Им трудно далось то самое решение о переселении. Мучительно сложно для крестьянина, оставлять свой обжитый угол, родное место и в один день – собрать свой нехитрый скарб, погрузить на телегу, посадить сверху детей, жену и уехать в неизвестные края. И пусть тот край не такой уж далёкий, всего лишь пару дней ходу, пусть – он всё равно длинный и трудный для сложной крестьянской души.
Дед Леонид, тогда ещё юнец – потом рассказывал, как горько плакала мама, прощаясь с опустевшим и от этого, таким грустным, постаревшим и вроде даже покосившимся домом. Сам я в детстве видел тот дом и скажу честно – есть что-то в тяге человека к своему месту. На гектаре земли, по границам которого растут высоченные деревья, стоит строение – дом семьи Постолаки. В остроконечном, типичном для Буковины доме, до прадеда жило несколько поколений. Место ровное, плодородное, в конце огорода течёт небольшая речушка.
Село, откуда собрались уезжать – большое, с крепкими хозяйствами, но, несмотря на это, не все жили зажиточно. Семья Постолаки, не смогли разбогатеть, и решила попытать счастье на новом месте. Дед хорошо помнил как его отец, в последний раз, по-хозяйски, сделав обход двора, зачем-то проверил – всё ли надёжно закрыто на замок. Затем вместе, грустной вереницей пошли на кладбище – в последний раз простится с теми из семьи, которые уже никуда, никогда не уедут.
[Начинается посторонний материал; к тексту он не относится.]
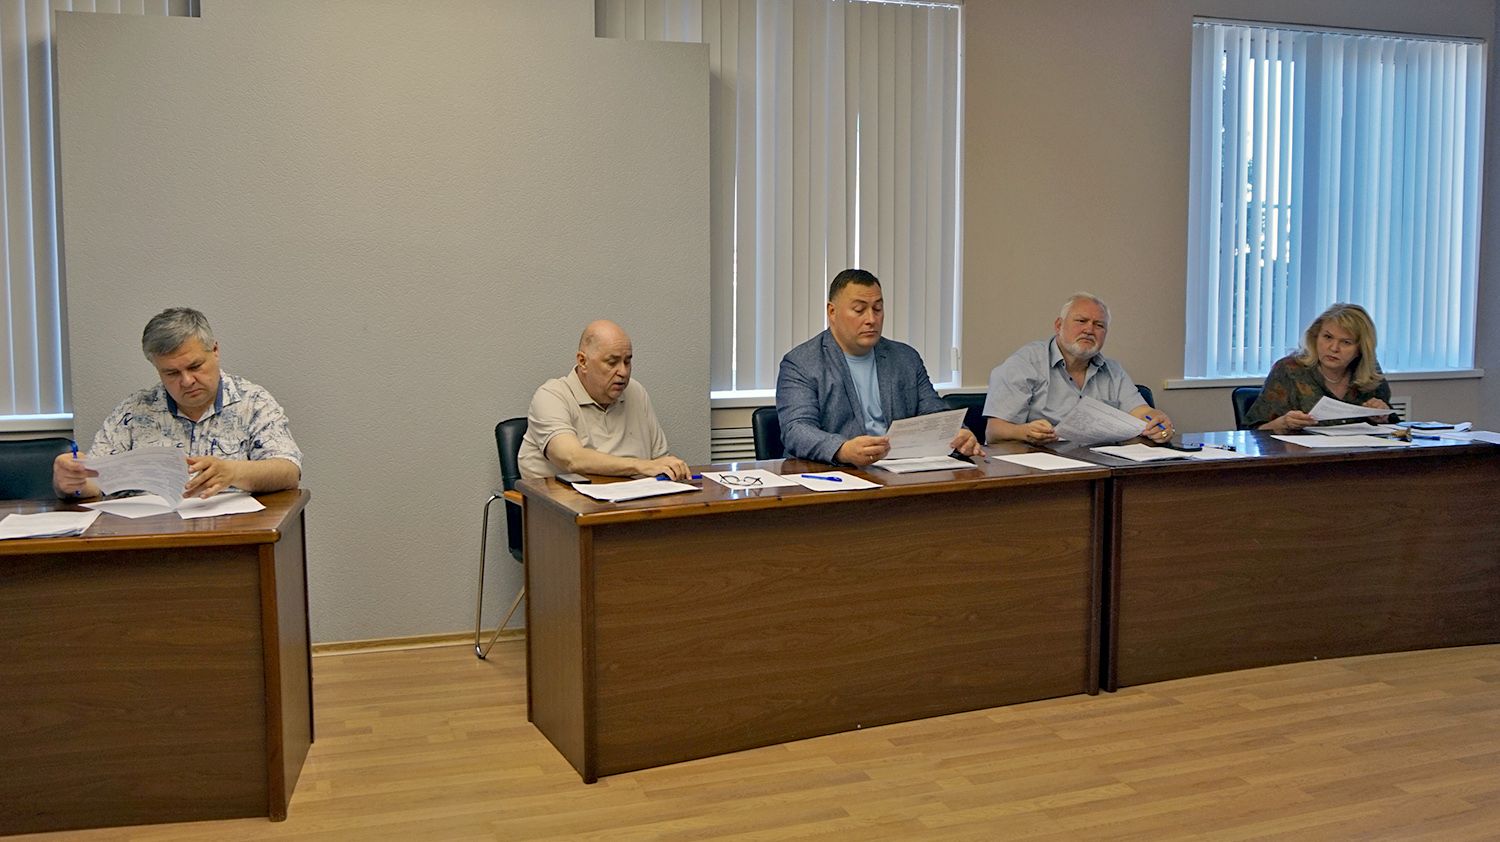 Заседание постоянной комиссии (видео)

На кладбище, обильно рос пахучий вереск, который уже нацелился на ставшие никому не нужными могилы. Василию и Леониду всё казалось, что деревянные, изъеденные бархатистым зелёным мхом кресты на могилах родственников, неодобрительно, укоризненно прочили: « Что же вы делаете?!». С кладбища вернулись тогда опустошённые – кусок в горло не лез. Взрослые долго потом печалились и охали.
Дорога в бессарабские края, была сложной, нервной: грустно всхлипывали на переполненных обозах бабы, посмурневшие мужики грозили лошадям ни по чём зря и только дети, в своём прелестном неведении, весело смотрели из под подол на такой новый и интересный для них большой мир. А ведь право, было на что смотреть: места были дивной, дикой красоты. Поля, леса и быстрые реки, старались удивить своей новизной, опрятностью. Они манили остаться, позоревать навсегда. Но надо было идти дальше, таково уж было соглашение с властями, которое нужно соблюдать.
Скоро караван груженных скарбом подвод, поскрипывая, шумя детворой, достиг берегов старого Днестра; веками неспешно несущего свои мутные воды к морю. По обе стороны реки, сторожами выросли две огромные, каменные горы, которые всей своей тяжестью нависли над рекою, угрожая сорваться и преградить ей путь.
Горы были дикие, взъерошенные неухоженной растительностью и в сумерках казались ещё огромнее. Несколько дней искали удобное место для переправы, а найдя – двинулись дальше. Детям те дни запомнились рыбной ловлей, купанием и весёлыми играми со сверстниками. Сменялись дни и так, редко останавливаясь, переселенцы караваном ползли вперёд, пока не доехали до обещанного места.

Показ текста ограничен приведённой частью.